### Task to carry out
From the records that follow, return exactly the lines beginning at the one that contains "tal adar leaked" and ending at the one that contains "Rulete online, Grand", pictures left out.

*** Exercise input ***

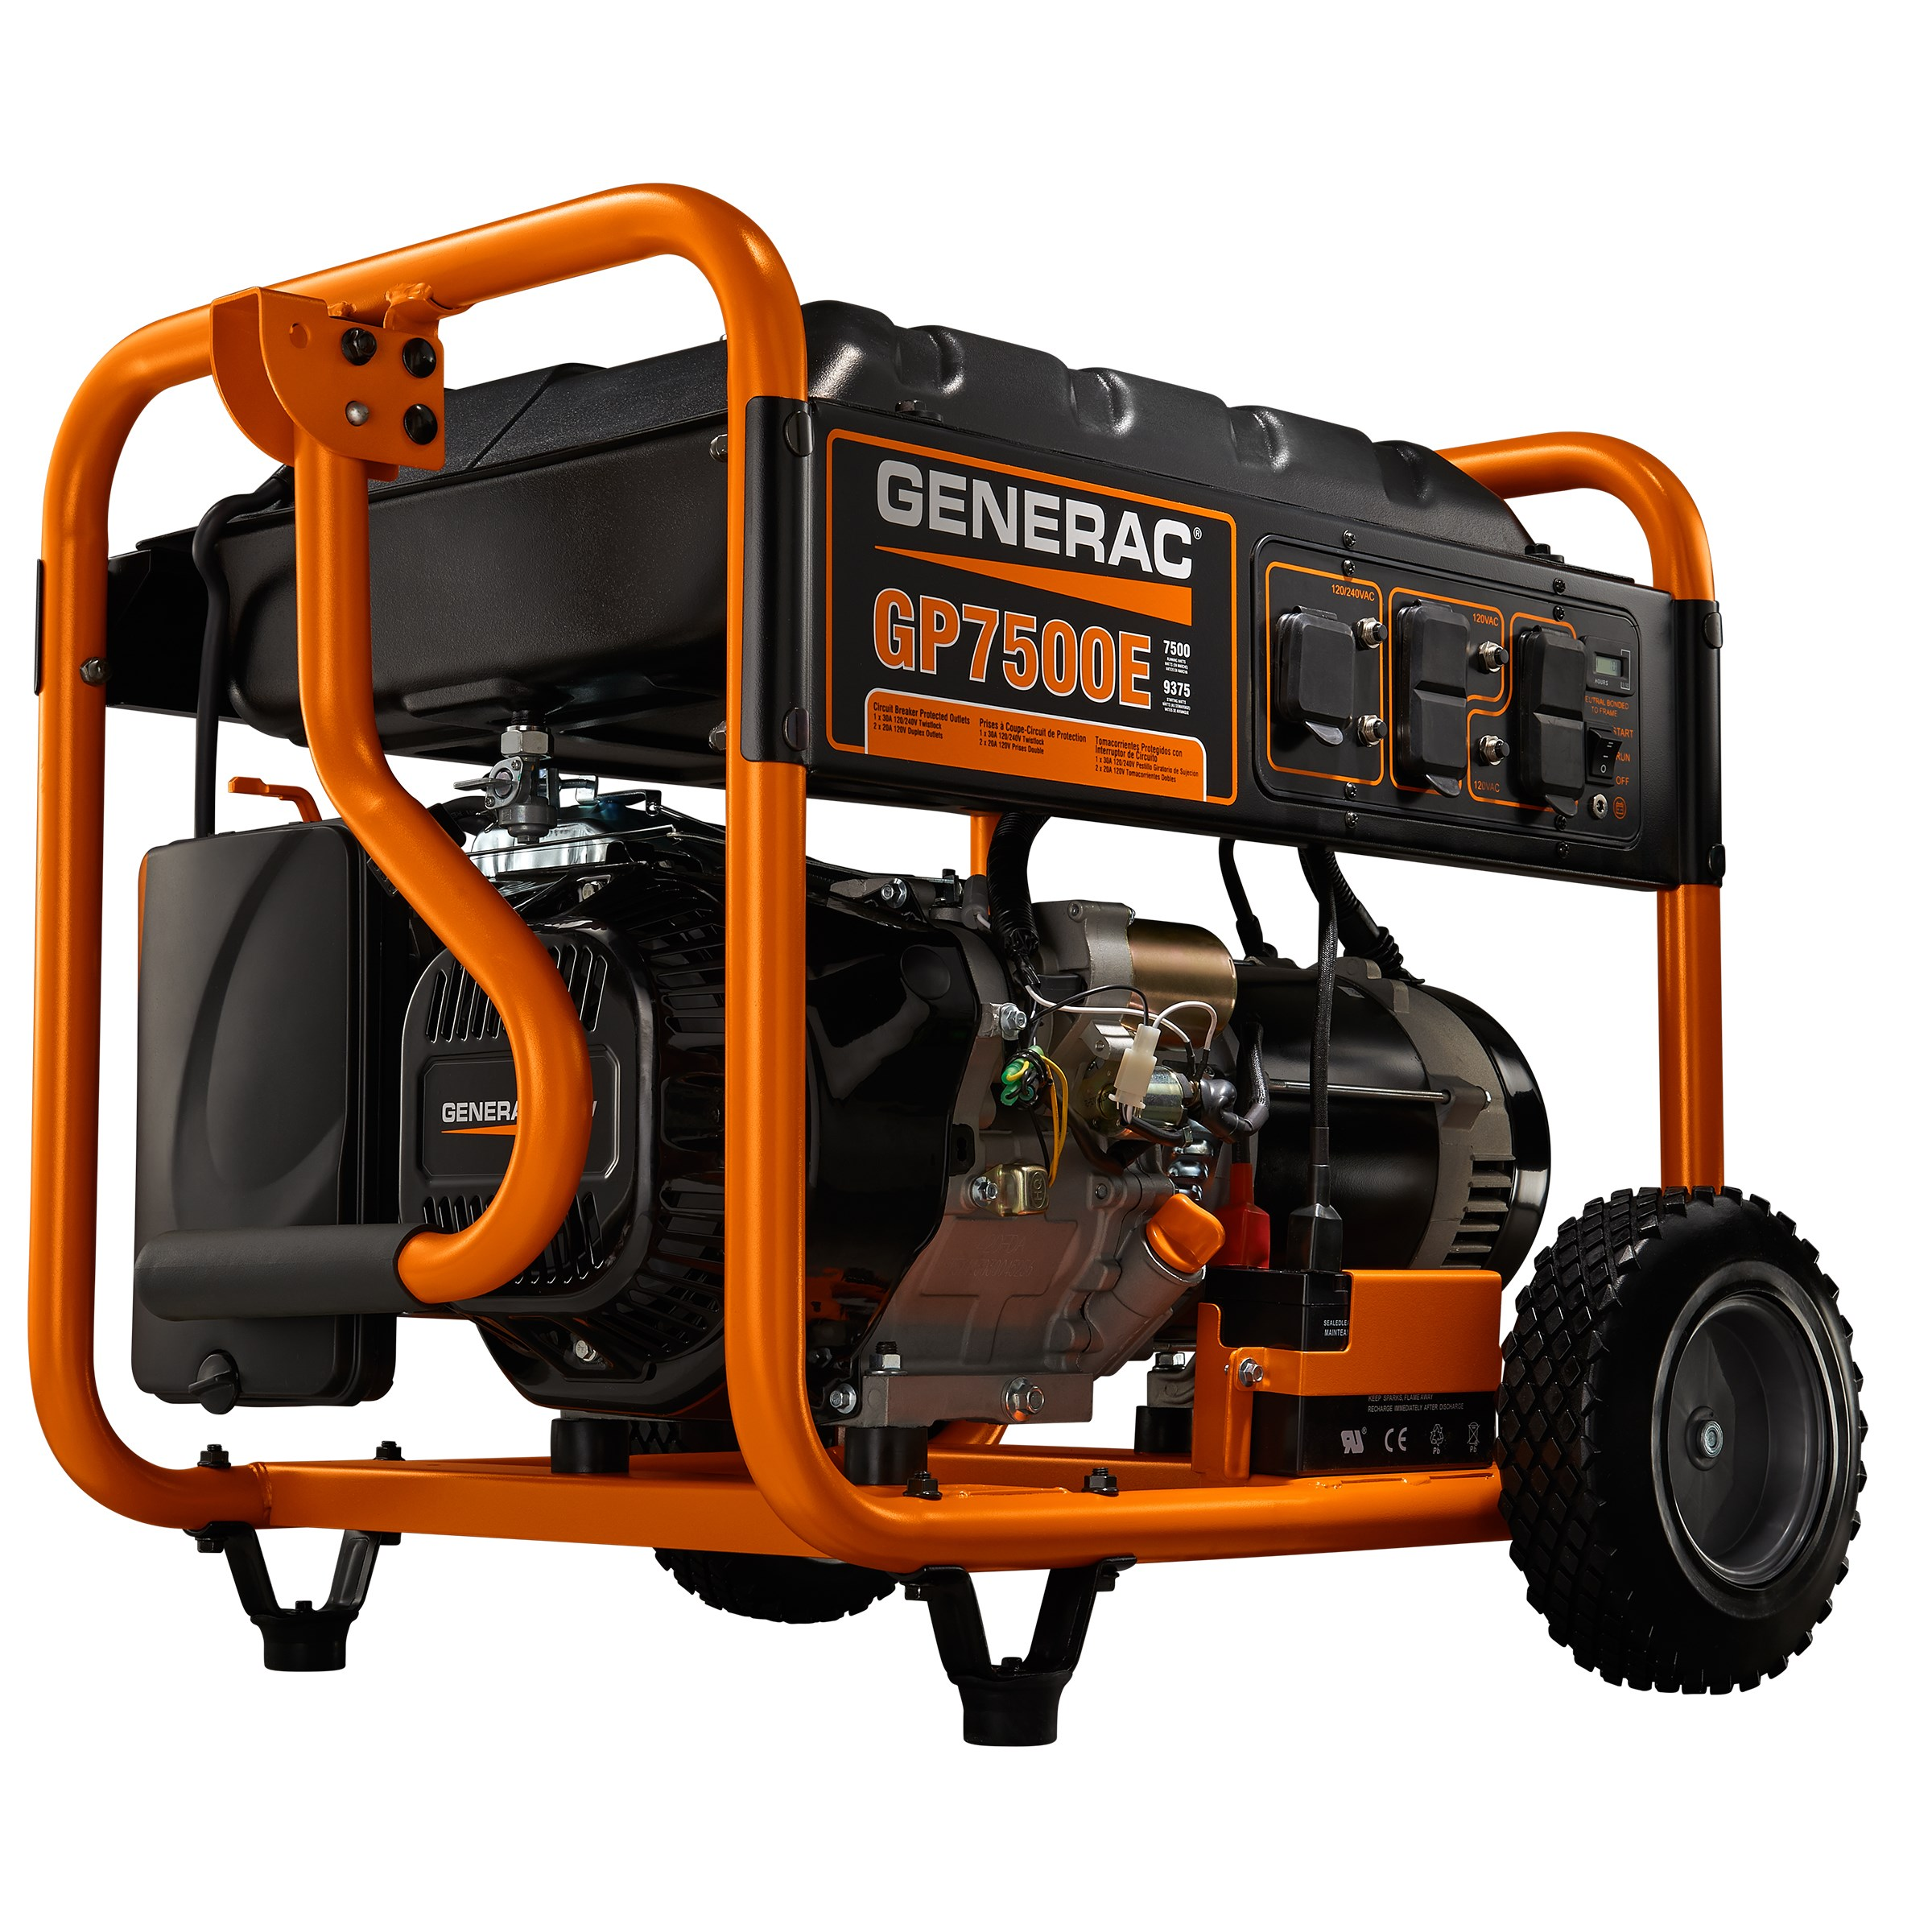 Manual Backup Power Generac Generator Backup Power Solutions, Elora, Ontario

*** End of Exercise input ***
*** Exercise input ***

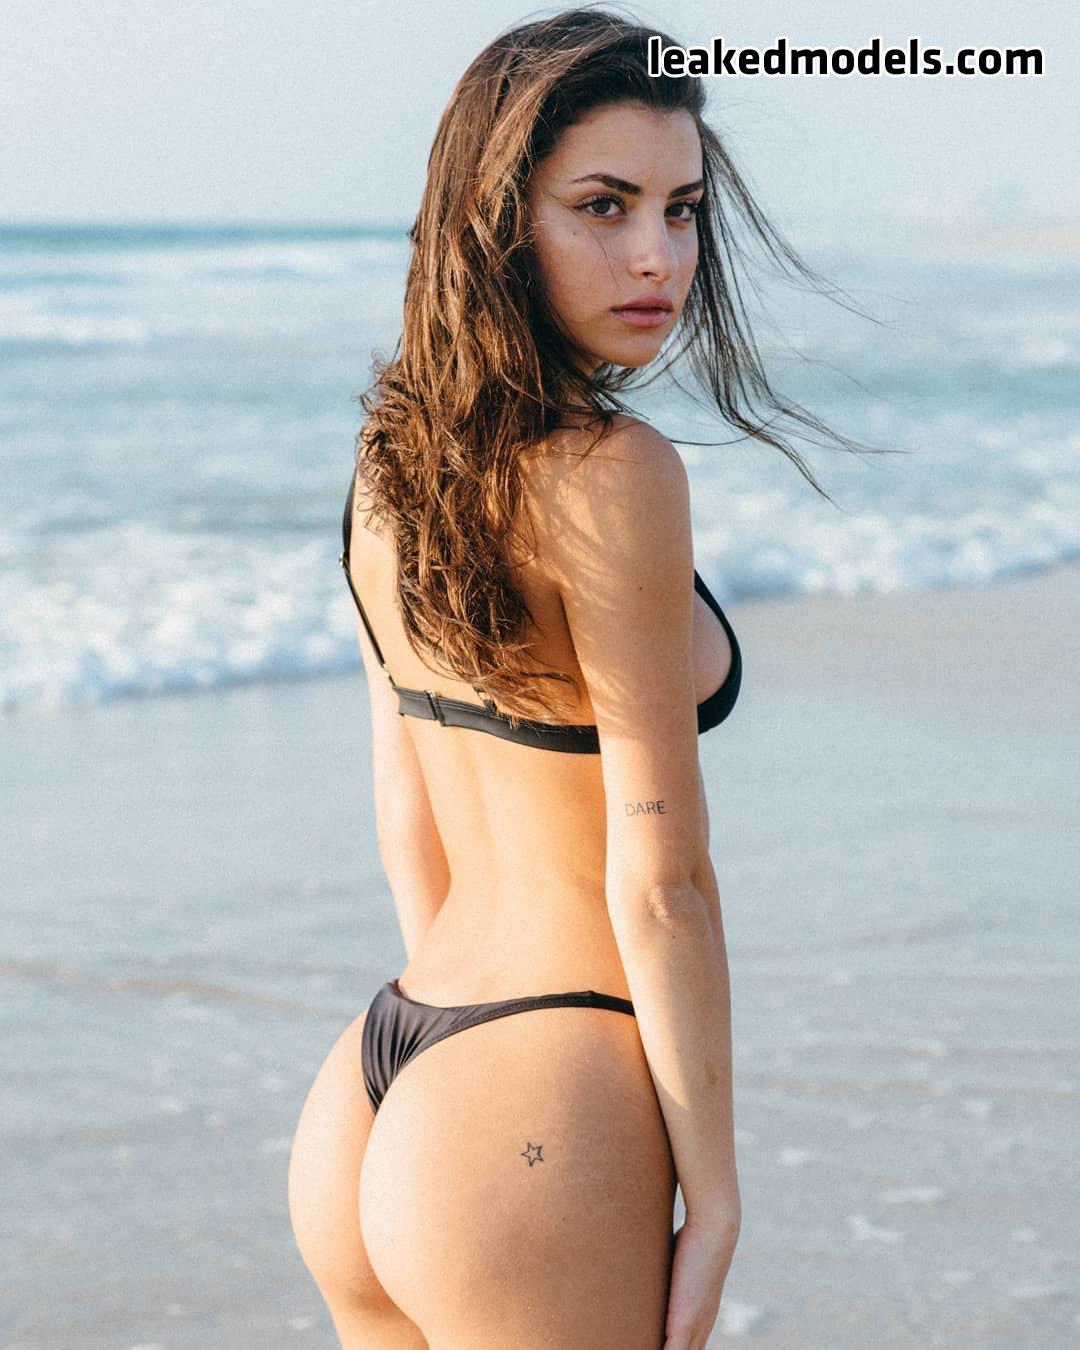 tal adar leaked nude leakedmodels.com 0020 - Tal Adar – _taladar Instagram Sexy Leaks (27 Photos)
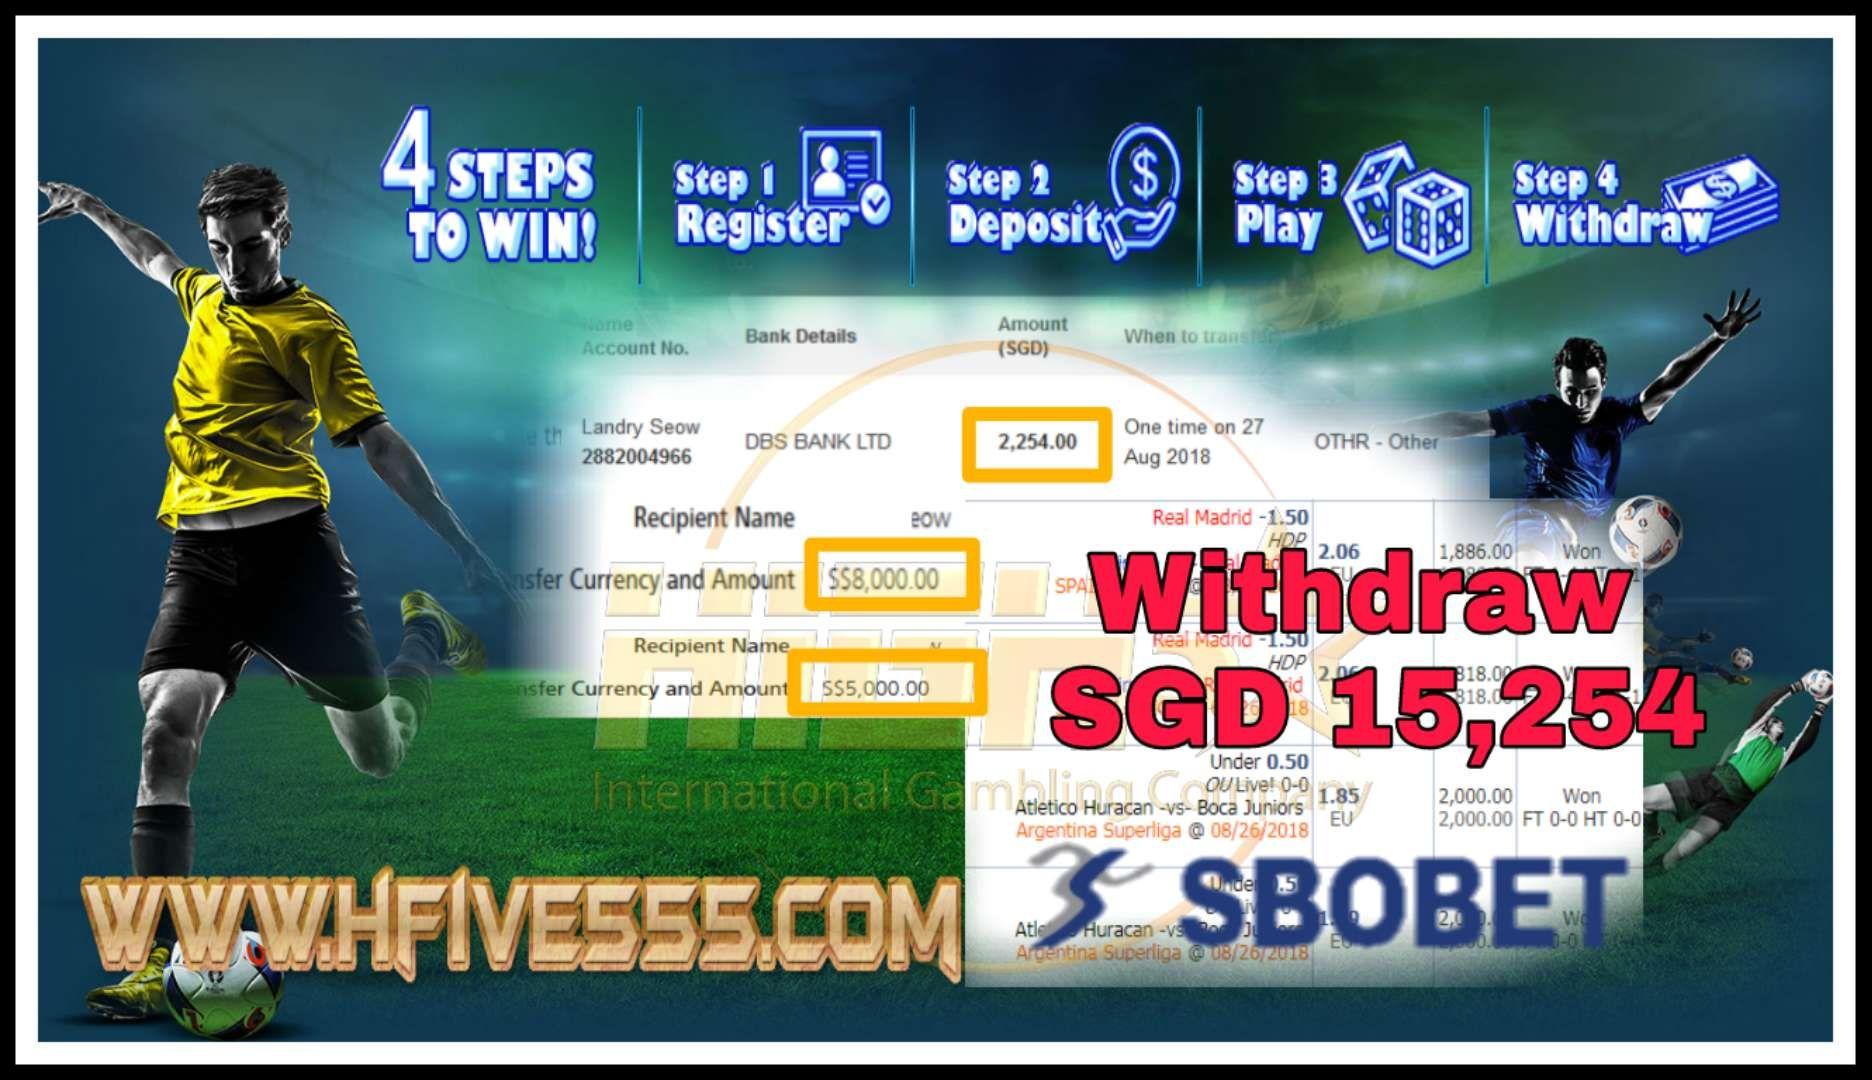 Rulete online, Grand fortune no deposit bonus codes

*** End of Exercise input ***
*** Exercise input ***

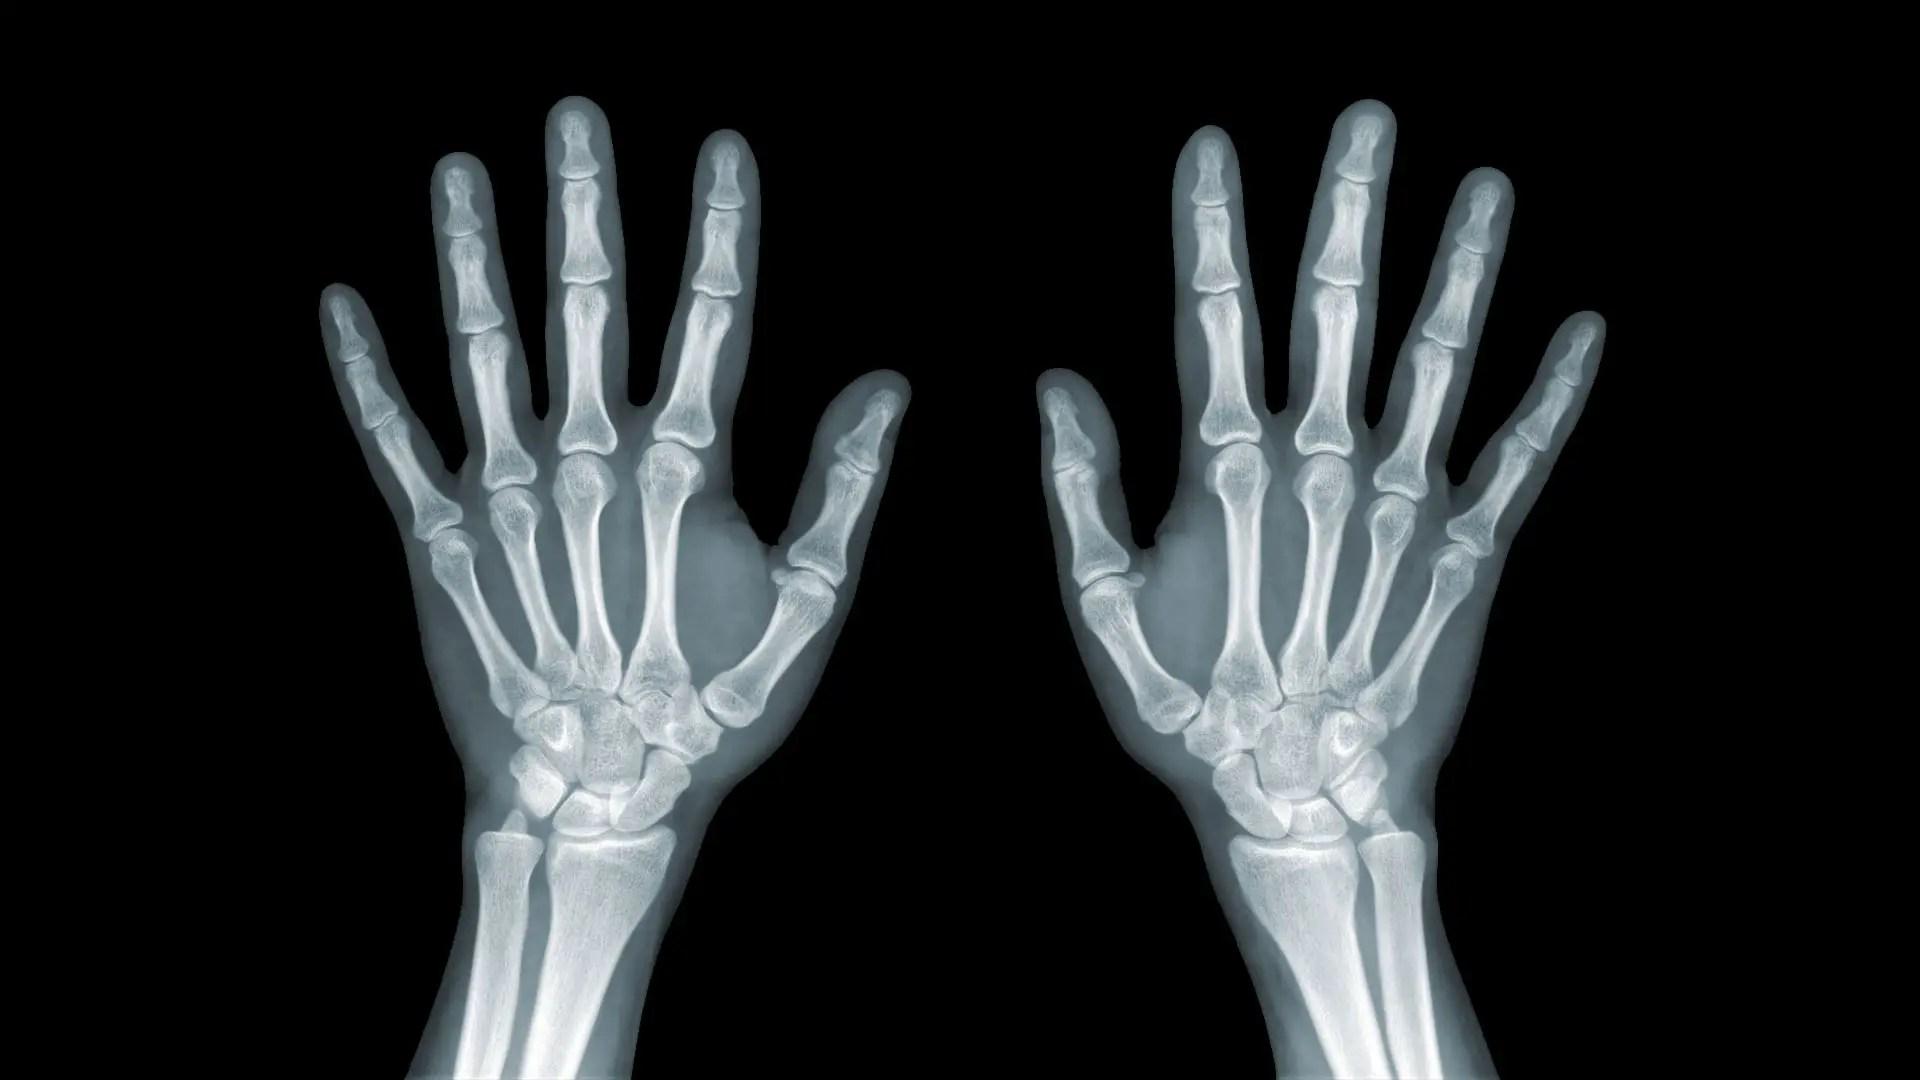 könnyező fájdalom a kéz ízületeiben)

*** End of Exercise input ***

### Response to the task
 tal adar leaked nude leakedmodels.com 0020 - Tal Adar – _taladar Instagram Sexy Leaks (27 Photos)
 Rulete online, Grand fortune no deposit bonus codes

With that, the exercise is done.